Other floats had dancing displays. Mostly young girls whose dresses featured Celtic symbols in Kardashian fluorescence. They weren't always in step - but were all the cuter for that.

There were ceilidh bands playing traditional airs about building Las Vegas in the hills of Donegal and a massive, massive, American marching band.

From Coppell High School in Texas, this impressive band is the size of a regiment. What traditional Irish offering would they give us, I wondered?

Uptown Funk, as it turns out ...

There was another giant in the parade. One of those gargantuan mechanical puppets. He was presumably supposed to represent an Irish giant. But I imagine the same big lad gets trolleyed out for just about any parade or ethnic cultural bash that requires a bit of spectacle.

An equally tenuous link with the saint was the inevitable reference on many floats to this year's 1916 commemorations - something which seemingly went over the heads anyway of those watching tourists clutching their large Union Jack gift shop carrier bags.

More familiar imagery would have been the leprechaun suits, the oul' boys togged out in tweedy waistcoats and flat caps and the predictable beer and Guinness marketing merchandise. All of which will doubtless alarm the students at Cambridge University, who seem to spend their time these days searching out what they see as "reinforcement of negative stereotyping."

But, if this is stereotyping, it is self-stereotyping. And anyway, is an appetite for a bit of naffery and revelry really such a negative thing?

The fascinating, amazing thing about St Patrick is that he has become, like Google and Guinness, a truly global brand. His day has become an international celebration of celebration. For its own sake.

He unites revellers right across the world. He unites us in Northern Ireland (which is probably even more impressive than turning the Pyramids green.)

People envisage him in different ways. The churches one way. The breweries another. The new St Patrick's mural in loyalist south Belfast by the brilliant Ross Wilson features a very 21st century-looking Paddy. A curly headed guy who looks like he might work in IT.

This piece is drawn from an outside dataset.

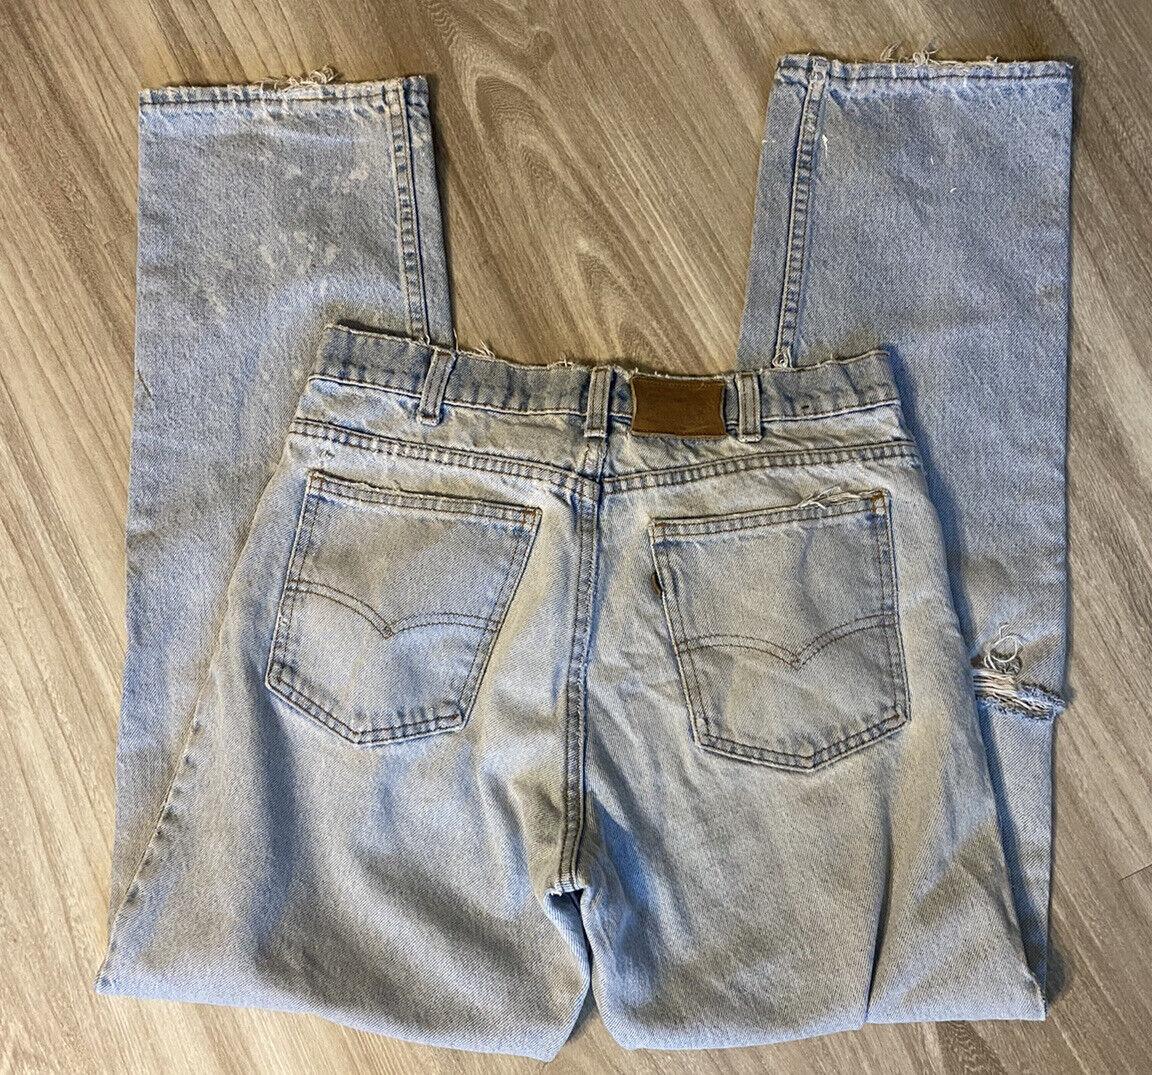 Vintage 90s Levis 540 32 X 32 Distressed Worn Jea… - image 8

But the mural is also illustration that this is a saint who pre-dates our division. That he can be, and is, shared by all sides.

Even by party-loving non-believers.

Hands up, I didn't watch all of the London parade. I'd other more pressing things to do on the day. Like heading to the pub.

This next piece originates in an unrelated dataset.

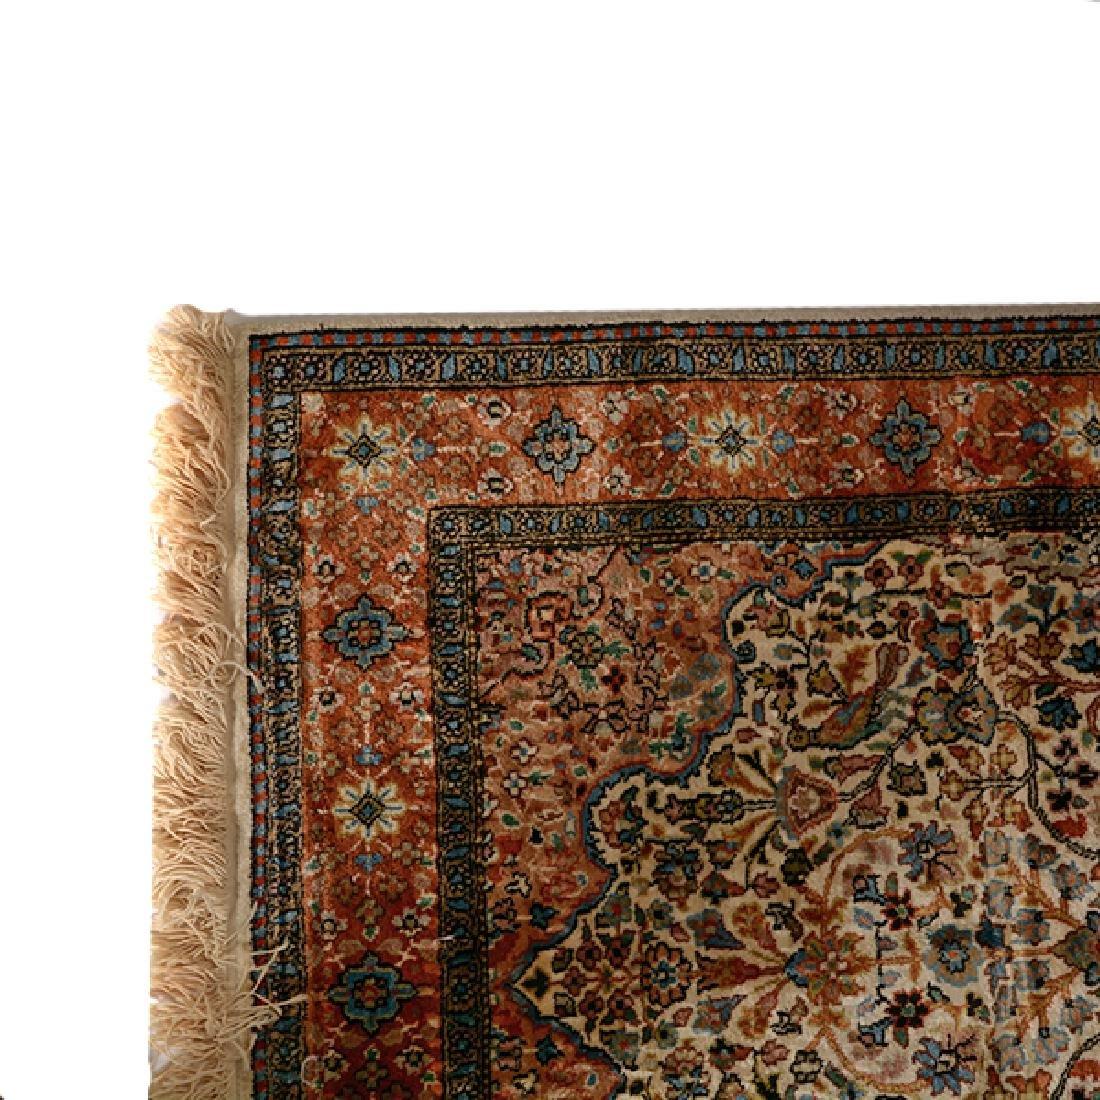 Egyptian Silk Prayer Rug: 2 feet 6 inches x 4 feet 3 - 2

To reinforce the stereotype.

This pepper caper leaves a bad taste

Strange things they do in restaurants, Part 1278. Apart from seating you two inches away from the only other customers in the place, why won’t they trust you with the pepper?

Your meal arrives and closely behind comes the waiter carrying a large pepper mill. Like Leonardo DiCaprio with his Oscar. Would you like some? You nod and they scrunch a bit over your pasta. Then they take it away. Do they think you’re going to run amok with the thing if they allow you to do it yourself? Do they think you’ll overdose? Or is it a cost issue? Pepper doesn’t cost that much. Does it?

Madonna’s custody fight no stage show

I really feel for Madonna in her current custody battle for her 15-year-old son.

Whoever is at fault in this sad family battle (and there are probably failings on all sides) it must be breaking her heart that her boy is refusing to come home to her.

Whether it’s a good idea to incorporate her distress into her stage show is a different matter, however.

That and using pictures of the lad as a backdrop.

Given the standard teenage capacity for tolerating parental embarrassment, I doubt if this is the smartest way to get him back onside.